• **Problem**
Exactly as given, transcribe each entry that follows.

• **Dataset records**

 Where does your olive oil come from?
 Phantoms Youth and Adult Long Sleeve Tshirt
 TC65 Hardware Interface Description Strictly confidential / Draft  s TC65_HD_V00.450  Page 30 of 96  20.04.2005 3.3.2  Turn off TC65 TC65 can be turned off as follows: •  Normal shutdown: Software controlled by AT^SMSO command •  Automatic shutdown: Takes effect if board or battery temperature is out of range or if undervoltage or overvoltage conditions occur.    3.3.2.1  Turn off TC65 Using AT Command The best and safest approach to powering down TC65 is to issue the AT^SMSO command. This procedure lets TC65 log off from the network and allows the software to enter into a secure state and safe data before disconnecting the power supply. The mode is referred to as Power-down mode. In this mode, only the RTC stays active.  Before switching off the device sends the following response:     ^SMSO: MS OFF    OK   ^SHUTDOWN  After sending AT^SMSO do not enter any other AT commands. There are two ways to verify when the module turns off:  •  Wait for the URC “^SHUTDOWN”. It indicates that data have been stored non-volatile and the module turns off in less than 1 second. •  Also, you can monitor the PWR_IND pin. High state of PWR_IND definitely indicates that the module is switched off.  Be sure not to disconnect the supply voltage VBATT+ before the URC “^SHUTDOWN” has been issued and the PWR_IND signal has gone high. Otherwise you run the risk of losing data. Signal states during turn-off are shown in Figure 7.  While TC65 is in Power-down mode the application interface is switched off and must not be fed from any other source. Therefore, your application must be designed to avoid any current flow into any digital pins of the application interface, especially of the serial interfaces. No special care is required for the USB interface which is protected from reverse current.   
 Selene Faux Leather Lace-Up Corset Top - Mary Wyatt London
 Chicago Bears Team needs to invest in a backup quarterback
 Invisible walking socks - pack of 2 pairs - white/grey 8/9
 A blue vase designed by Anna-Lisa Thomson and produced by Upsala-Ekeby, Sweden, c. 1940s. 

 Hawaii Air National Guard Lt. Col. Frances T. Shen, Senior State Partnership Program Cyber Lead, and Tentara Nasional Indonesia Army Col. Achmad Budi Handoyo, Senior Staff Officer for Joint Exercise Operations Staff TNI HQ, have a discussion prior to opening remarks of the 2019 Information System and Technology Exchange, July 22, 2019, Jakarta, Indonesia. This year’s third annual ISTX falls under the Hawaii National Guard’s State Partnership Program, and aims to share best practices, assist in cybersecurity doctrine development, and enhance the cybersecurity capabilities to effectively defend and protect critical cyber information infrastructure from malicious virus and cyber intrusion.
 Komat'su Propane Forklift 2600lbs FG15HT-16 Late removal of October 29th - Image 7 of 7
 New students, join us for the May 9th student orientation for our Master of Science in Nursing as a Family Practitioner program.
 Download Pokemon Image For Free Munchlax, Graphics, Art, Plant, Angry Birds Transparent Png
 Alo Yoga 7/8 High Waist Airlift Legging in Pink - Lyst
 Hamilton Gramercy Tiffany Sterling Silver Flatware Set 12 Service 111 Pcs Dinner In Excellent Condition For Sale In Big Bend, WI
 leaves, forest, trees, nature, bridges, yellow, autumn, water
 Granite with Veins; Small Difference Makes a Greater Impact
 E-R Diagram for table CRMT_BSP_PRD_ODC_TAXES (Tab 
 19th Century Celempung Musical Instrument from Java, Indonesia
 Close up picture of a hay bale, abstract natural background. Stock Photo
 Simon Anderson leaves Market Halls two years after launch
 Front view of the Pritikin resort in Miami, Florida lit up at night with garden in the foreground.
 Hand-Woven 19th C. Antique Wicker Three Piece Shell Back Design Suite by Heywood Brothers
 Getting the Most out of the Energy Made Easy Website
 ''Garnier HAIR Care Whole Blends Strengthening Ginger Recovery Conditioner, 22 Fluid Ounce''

• **Task solution**
 Where does your olive oil come from?
 Phantoms Youth and Adult Long Sleeve Tshirt
 TC65 Hardware Interface Description Strictly confidential / Draft  s TC65_HD_V00.450  Page 30 of 96  20.04.2005 3.3.2  Turn off TC65 TC65 can be turned off as follows: •  Normal shutdown: Software controlled by AT^SMSO command •  Automatic shutdown: Takes effect if board or battery temperature is out of range or if undervoltage or overvoltage conditions occur.    3.3.2.1  Turn off TC65 Using AT Command The best and safest approach to powering down TC65 is to issue the AT^SMSO command. This procedure lets TC65 log off from the network and allows the software to enter into a secure state and safe data before disconnecting the power supply. The mode is referred to as Power-down mode. In this mode, only the RTC stays active.  Before switching off the device sends the following response:     ^SMSO: MS OFF    OK   ^SHUTDOWN  After sending AT^SMSO do not enter any other AT commands. There are two ways to verify when the module turns off:  •  Wait for the URC “^SHUTDOWN”. It indicates that data have been stored non-volatile and the module turns off in less than 1 second. •  Also, you can monitor the PWR_IND pin. High state of PWR_IND definitely indicates that the module is switched off.  Be sure not to disconnect the supply voltage VBATT+ before the URC “^SHUTDOWN” has been issued and the PWR_IND signal has gone high. Otherwise you run the risk of losing data. Signal states during turn-off are shown in Figure 7.  While TC65 is in Power-down mode the application interface is switched off and must not be fed from any other source. Therefore, your application must be designed to avoid any current flow into any digital pins of the application interface, especially of the serial interfaces. No special care is required for the USB interface which is protected from reverse current.   
 Selene Faux Leather Lace-Up Corset Top - Mary Wyatt London
 Chicago Bears Team needs to invest in a backup quarterback
 Invisible walking socks - pack of 2 pairs - white/grey 8/9
 A blue vase designed by Anna-Lisa Thomson and produced by Upsala-Ekeby, Sweden, c. 1940s. 

 Hawaii Air National Guard Lt. Col. Frances T. Shen, Senior State Partnership Program Cyber Lead, and Tentara Nasional Indonesia Army Col. Achmad Budi Handoyo, Senior Staff Officer for Joint Exercise Operations Staff TNI HQ, have a discussion prior to opening remarks of the 2019 Information System and Technology Exchange, July 22, 2019, Jakarta, Indonesia. This year’s third annual ISTX falls under the Hawaii National Guard’s State Partnership Program, and aims to share best practices, assist in cybersecurity doctrine development, and enhance the cybersecurity capabilities to effectively defend and protect critical cyber information infrastructure from malicious virus and cyber intrusion.
 Komat'su Propane Forklift 2600lbs FG15HT-16 Late removal of October 29th - Image 7 of 7
 New students, join us for the May 9th student orientation for our Master of Science in Nursing as a Family Practitioner program.
 Download Pokemon Image For Free Munchlax, Graphics, Art, Plant, Angry Birds Transparent Png
 Alo Yoga 7/8 High Waist Airlift Legging in Pink - Lyst
 Hamilton Gramercy Tiffany Sterling Silver Flatware Set 12 Service 111 Pcs Dinner In Excellent Condition For Sale In Big Bend, WI
 leaves, forest, trees, nature, bridges, yellow, autumn, water
 Granite with Veins; Small Difference Makes a Greater Impact
 E-R Diagram for table CRMT_BSP_PRD_ODC_TAXES (Tab 
 19th Century Celempung Musical Instrument from Java, Indonesia
 Close up picture of a hay bale, abstract natural background. Stock Photo
 Simon Anderson leaves Market Halls two years after launch
 Front view of the Pritikin resort in Miami, Florida lit up at night with garden in the foreground.
 Hand-Woven 19th C. Antique Wicker Three Piece Shell Back Design Suite by Heywood Brothers
 Getting the Most out of the Energy Made Easy Website
 ''Garnier HAIR Care Whole Blends Strengthening Ginger Recovery Conditioner, 22 Fluid Ounce''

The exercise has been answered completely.